There was not a word about Mr. Cheney’s role in starting the war with Iraq, in misleading Americans about weapons of mass destruction, in leading the charge to create illegal prison camps where detainees are tortured, in illegally wiretapping Americans, in creating an energy policy that favored the oil industry that made him very rich before the administration began.
Ms. Couric asked Joseph Biden, Ms. Palin’s rival, the same question in a separate interview. He had it exactly right when he told her that Mr. Cheney’s theory of the “unitary executive” held that “Congress and the people have no power in a time of war.” And he had it right in the debate when he called Mr. Cheney “the most dangerous vice president we’ve had in American history.”
The Constitution does not state or imply any flexibility in the office of vice president. It gives the vice president no legislative responsibilities other than casting a tie-breaking vote in the Senate when needed and no executive powers at all. The vice president’s constitutional role is to be ready to serve if the president dies or becomes incapacitated.
Any president deserves a vice president who will be a sound adviser and trustworthy supporter. But the American people also deserve and need a vice president who understands and respects the balance of power " and the limits of his or her own power. That is fundamental to our democracy.
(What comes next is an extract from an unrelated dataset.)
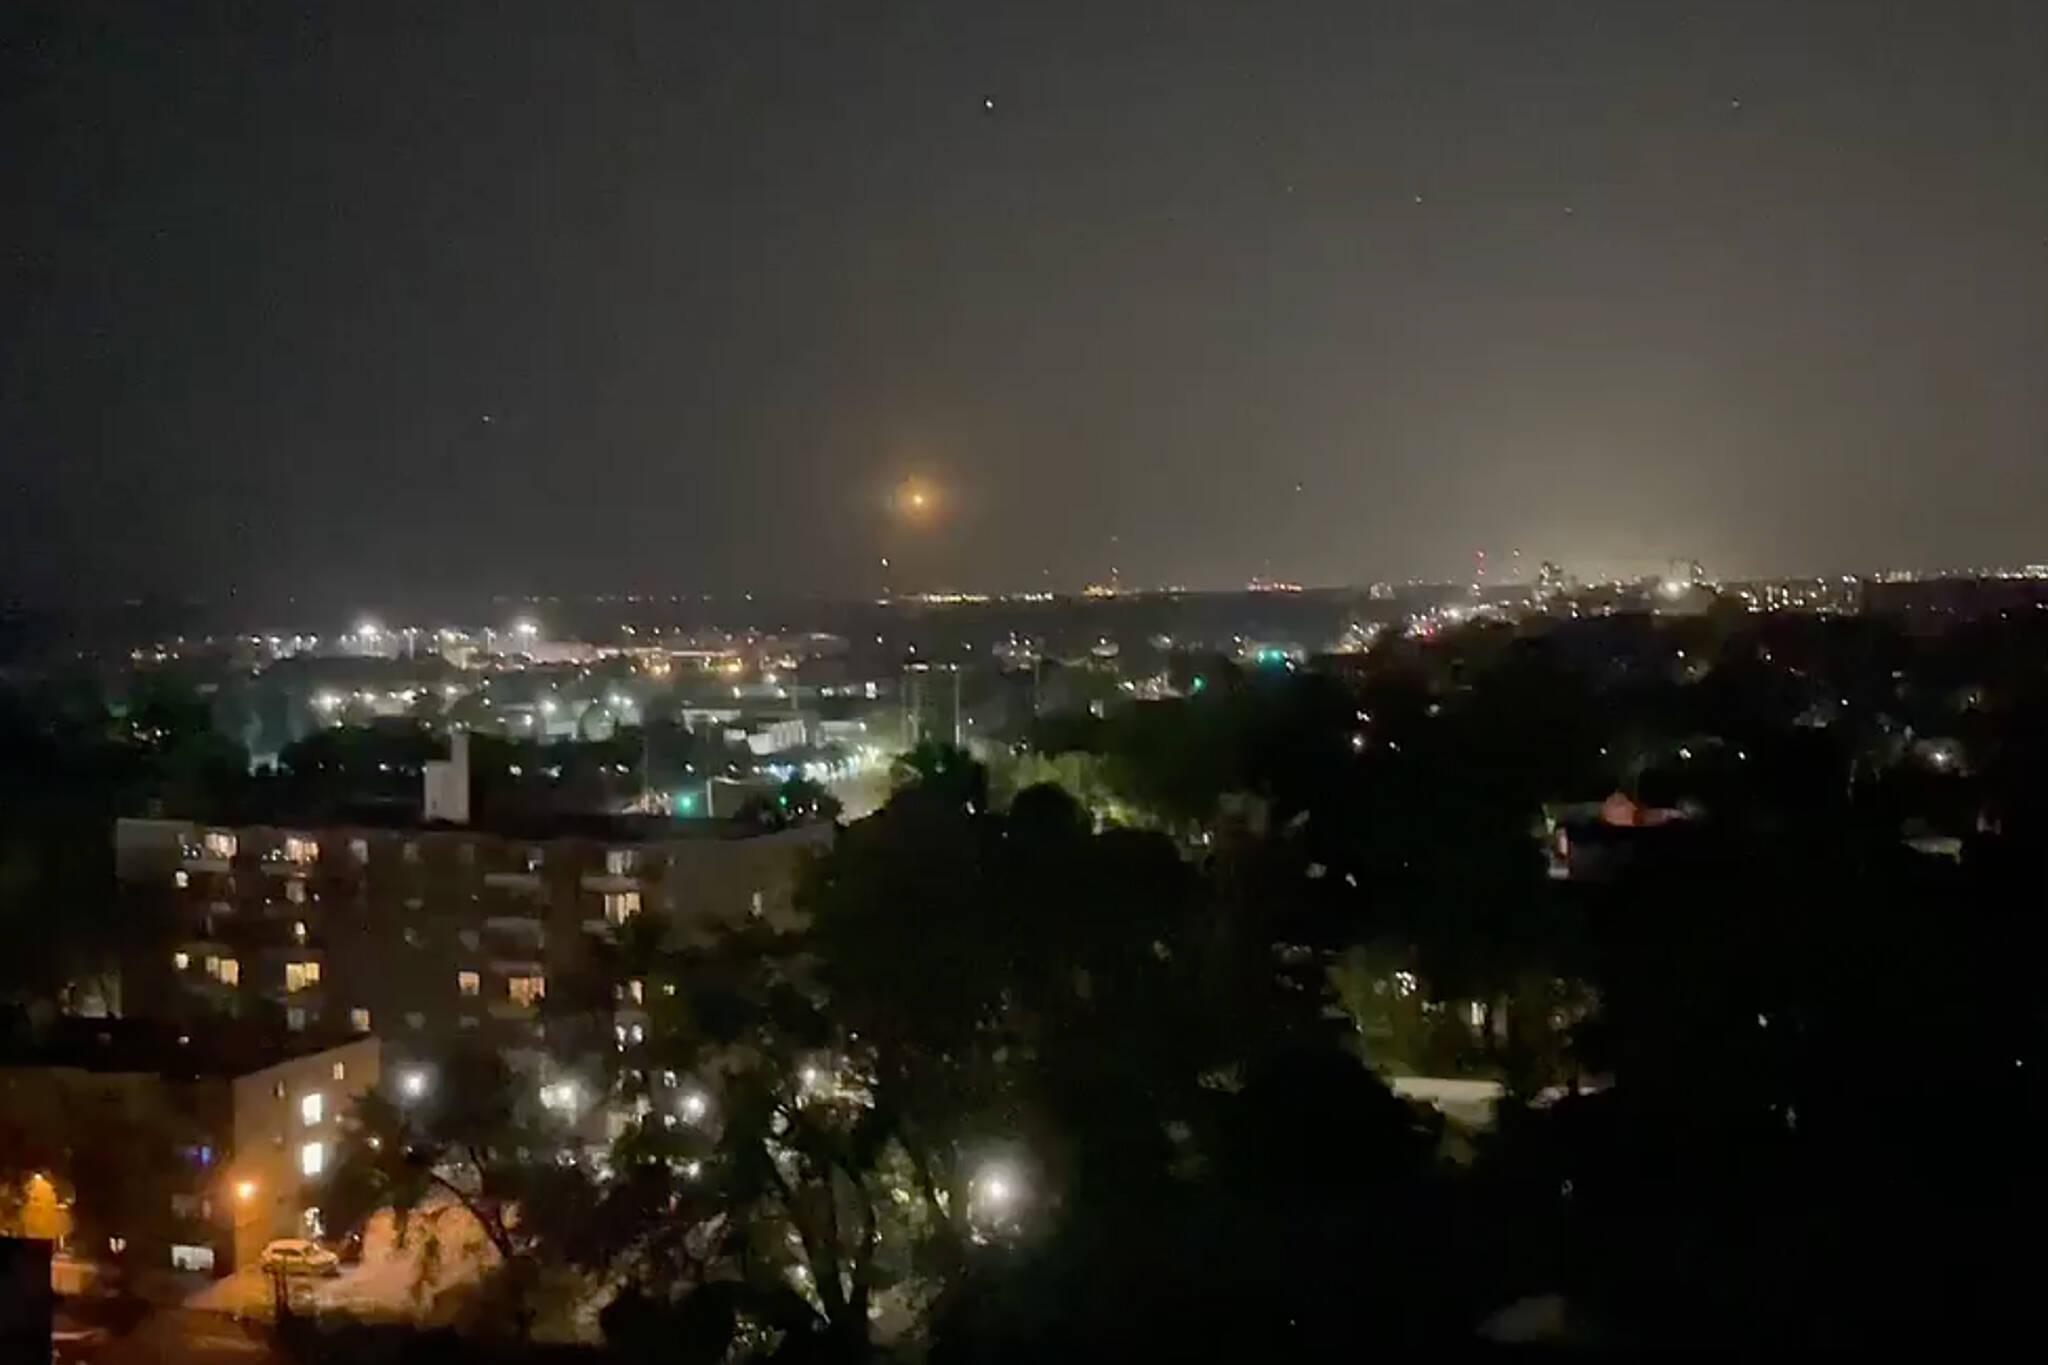 lights over lake ontario

So far, Ms. Palin has it exactly, frighteningly wrong.
@BumbleBeeBoogie,
What is more frightening is that McCain doesn't challenge Palin on this issue.
@nimh,
You may be right or on the other hand, you may not be, but since you are so cerebral and full of information, as well as fecal matter, why don't you give us a lecture on how the people's government runs things in the Socialist Paradise of Hungary, where you live.
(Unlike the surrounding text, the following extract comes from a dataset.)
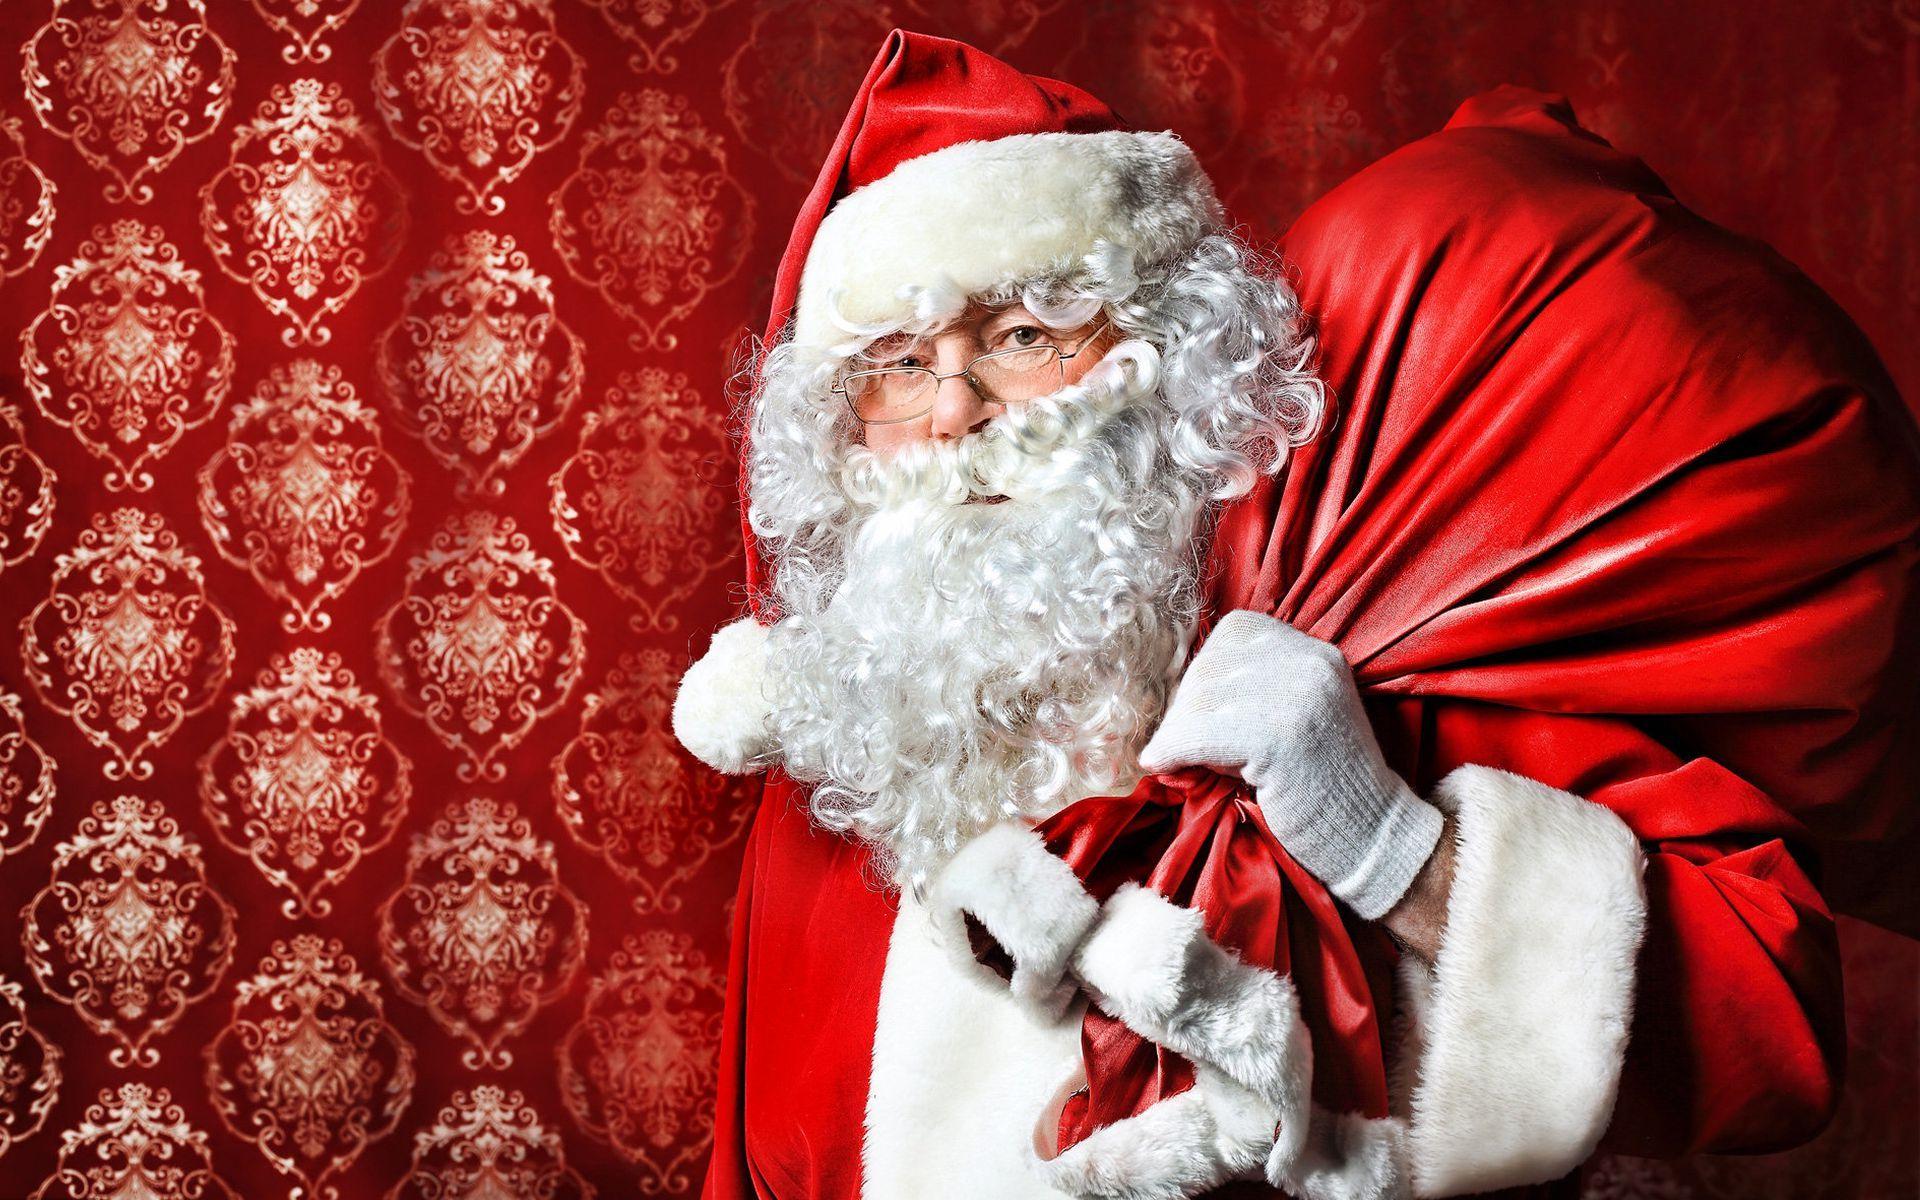 ВЦИОМ назвал главные просьбы россиян к Деду Морозу

You gasp at the Unemployment rate in the USA but you tell no one that the crypto-Communist regimes in the EU are now saddled with a 7.2 unemployment rate. What's the matter, Numh, doesn't Crypto-Communism work?
@blatham,
Blotham--Have you had your heart bypass yet? Be careful and get a good Doctor. Some bypass patients fall victim to early onset Alzhemiers.
@Bi-Polar Bear,
I would take your suggestion seriously but I usually put little credence to self-described mental patients. Have you tried Zoloft?
@blatham,
Yes, Dan Rather. Shall I give you the particulars?
@cicerone imposter,
She may not have much depth but at least she hasn't had a dose of radiation to screw up her thinking processes.
@SYNRON,
It's written Alzheimers, a disease that would be redundant in your case. There
is absolutely nothing to lose.
@SYNRON,
That is the govt's "official" number on unemployment in the US. If you look at the "real" numbers back in April when we were at about 5% official unemployed the real rate was estimated between 8% and 13% in the US. What the fed's numbers do not include are underemployed, partially employed unemployed who have given up and those who have dropped off the rolls.
Back in 2005 a comparison was made of Sweden's 15.7% unemployment and the same analysis was used on the US numbers and we were at about 15%.
oh, btw - Hi all, I'm new here and just stumbled across this discussion.
@Mary Homemaker,
Welcome to a2k, Mary Homemaker. I can tell by your "first" post that you do your homework; good on ya!